De acordo com o Sindicato do Comércio Varejista do Distrito Federal (Sindivarejista), das 30 mil lojas associadas à entidade, pelo menos 15 mil entraram em liquidação para reduzir estoque. Mas nem todos conseguiram. “O espaço de tempo entre uma liquidação e outra vem diminuindo cada dia mais. Os lojistas que colocaram as mercadorias com 60% a 70% de desconto, venderam tudo. Porém, posturas mais conservadoras, com apenas 10% e 20% de decréscimo, ainda estão com mercadoria”, explica Edson de Castro, presidente do Sindivarejista-DF. Ele acrescenta que somente descontos atraentes levaram o consumidor às compras, uma vez que os gastos com material escolar e com impostos tiraram o dinheiro do mercado neste início de ano.

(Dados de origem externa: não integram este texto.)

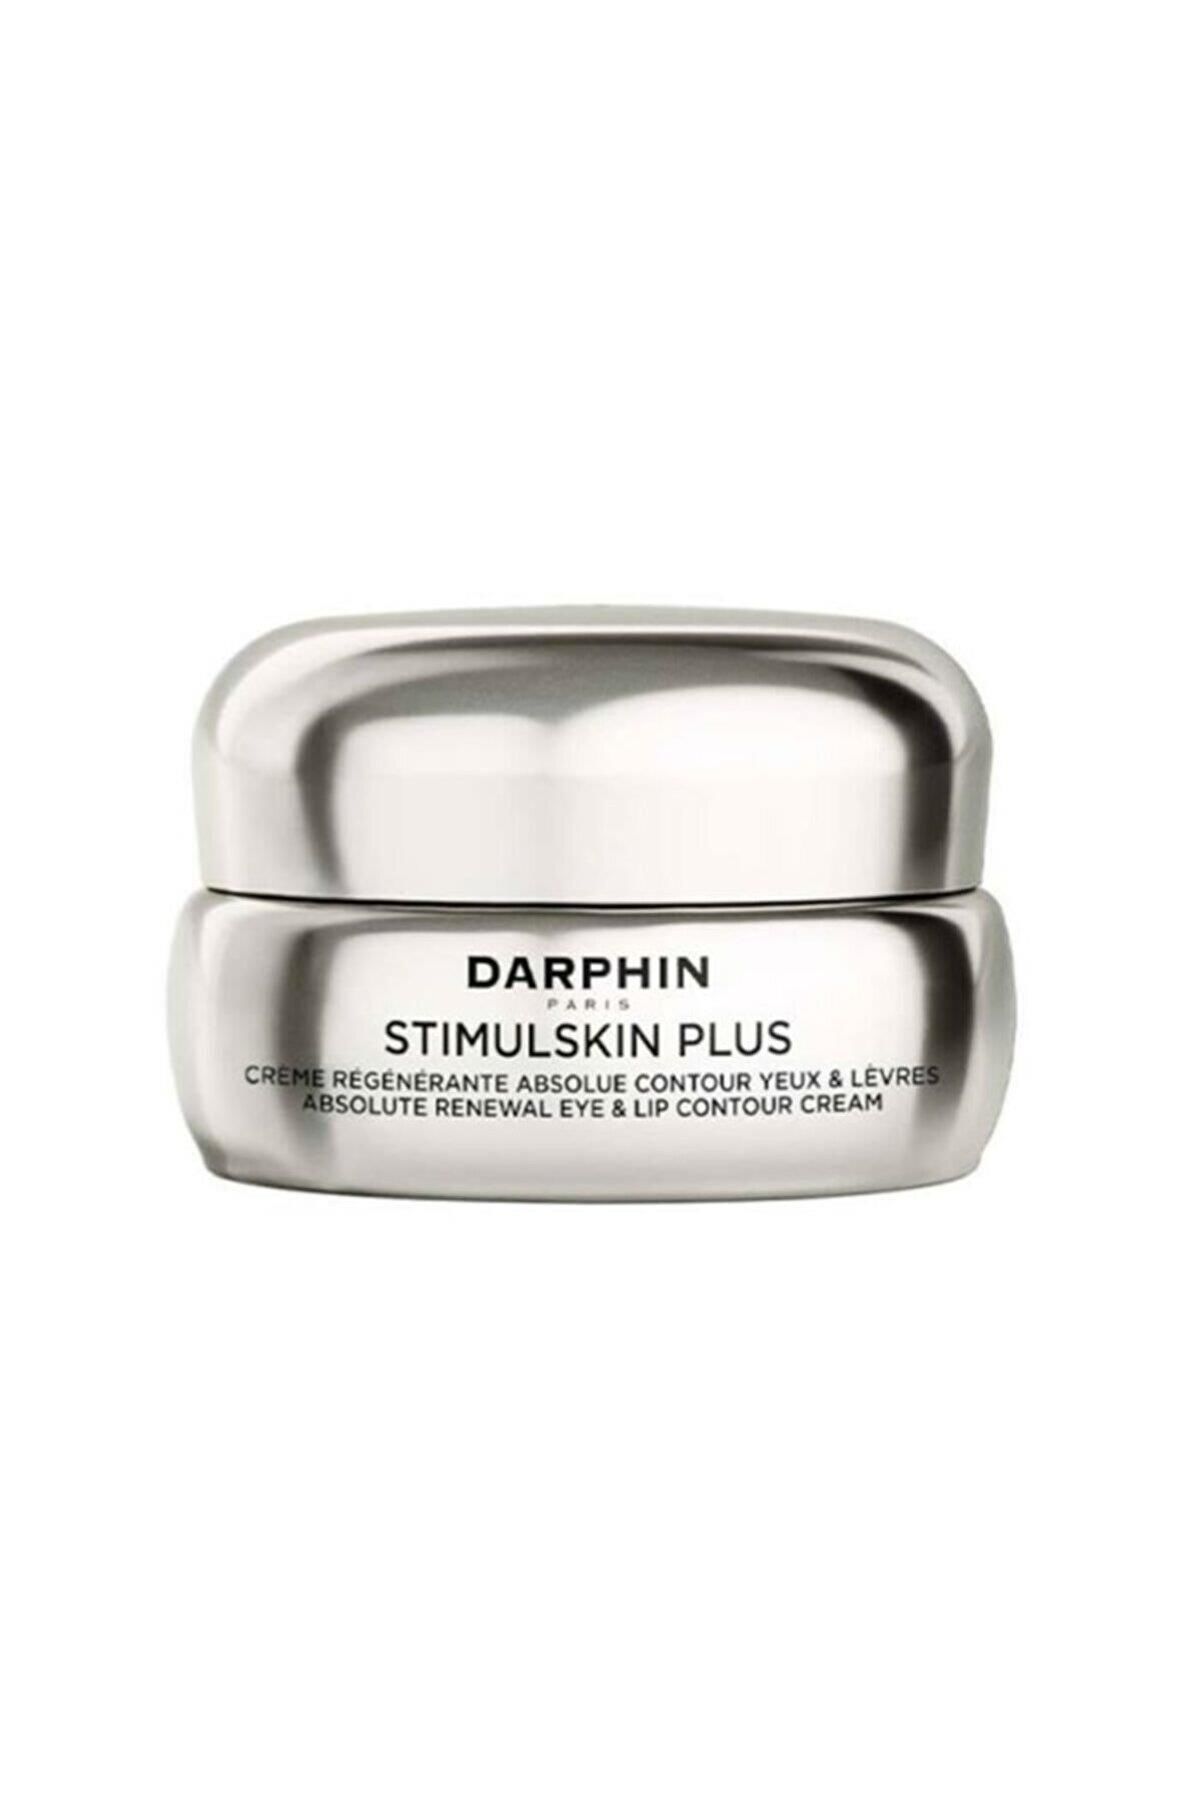 Darphin Stimulskin Plus Absolute Renewal Eye and Lip Contour Cream 15 ml

A preocupação com estoque excessivo ressalta o peso da crise econômica no comércio local. Nem mesmo as datas comemorativas como o Natal e a Páscoa animaram os empresários. No Natal de 2015, apenas 29,4% dos varejistas investiram no estoque. Em 2014, esse índice era de 54,3% – uma redução de, aproximadamente, 25 pontos percentuais. Para a Páscoa de 2016, com a baixa expectativa de crescimento nas vendas, apenas 17,9% dos entrevistados declaram que devem ampliar os estoques. Em 2015, o mesmo indicador era 30,2%. A maioria dos lojistas (53,2%) declarou que vão manter o mesmo nível de estoque este ano. Os dados são das pesquisas realizadas pelas Federação do Comércio do Distrito Federal (Fecomércio).

Na análise de Adelmir Santana, presidente da Fecomércio-DF, o índice de confiança do empresariado com a economia local e nacional está baixo, o que contribui para a classe não ter segurança em manter produtos estocados. “A maioria dos lojistas do DF vem trabalhando com estoque reduzido desde o ano passado. Os empresários não tem coragem de estocar. Eles precisam manter o capital de giro e evitar, ao máximo, pegar dinheiro emprestado com os bancos, uma vez que os juros estão cada dia mais altos”, declara. “Nem as datas comemorativas empolgam”, complementa.

Presidente da Câmara dos Dirigentes Lojistas do DF, Álvaro Silveira Júnior, ressalta que, as indústrias já repassaram os aumentos de impostos e a inflação às mercadorias. Dessa forma, os produtos estão chegando mais caros em um cenário de queda de consumo. Ele explica que, para algumas mercadorias de maior valor agregado, como automóveis, os comerciantes estão preferindo esperar o pedido do consumidor para, só então, fazer a encomenda e evitar estoque parado. “A pressão inflacionária sobre o comércio está muito grande. Essa crise não está favorecendo a baixa de preços”.

Mudanças

Crédito: Minervino Junior/CB/D.A.Press. Brasil. Brasília - DF.
Crédito: Minervino Junior/CB/D.A.Press. Brasil. Brasília – DF.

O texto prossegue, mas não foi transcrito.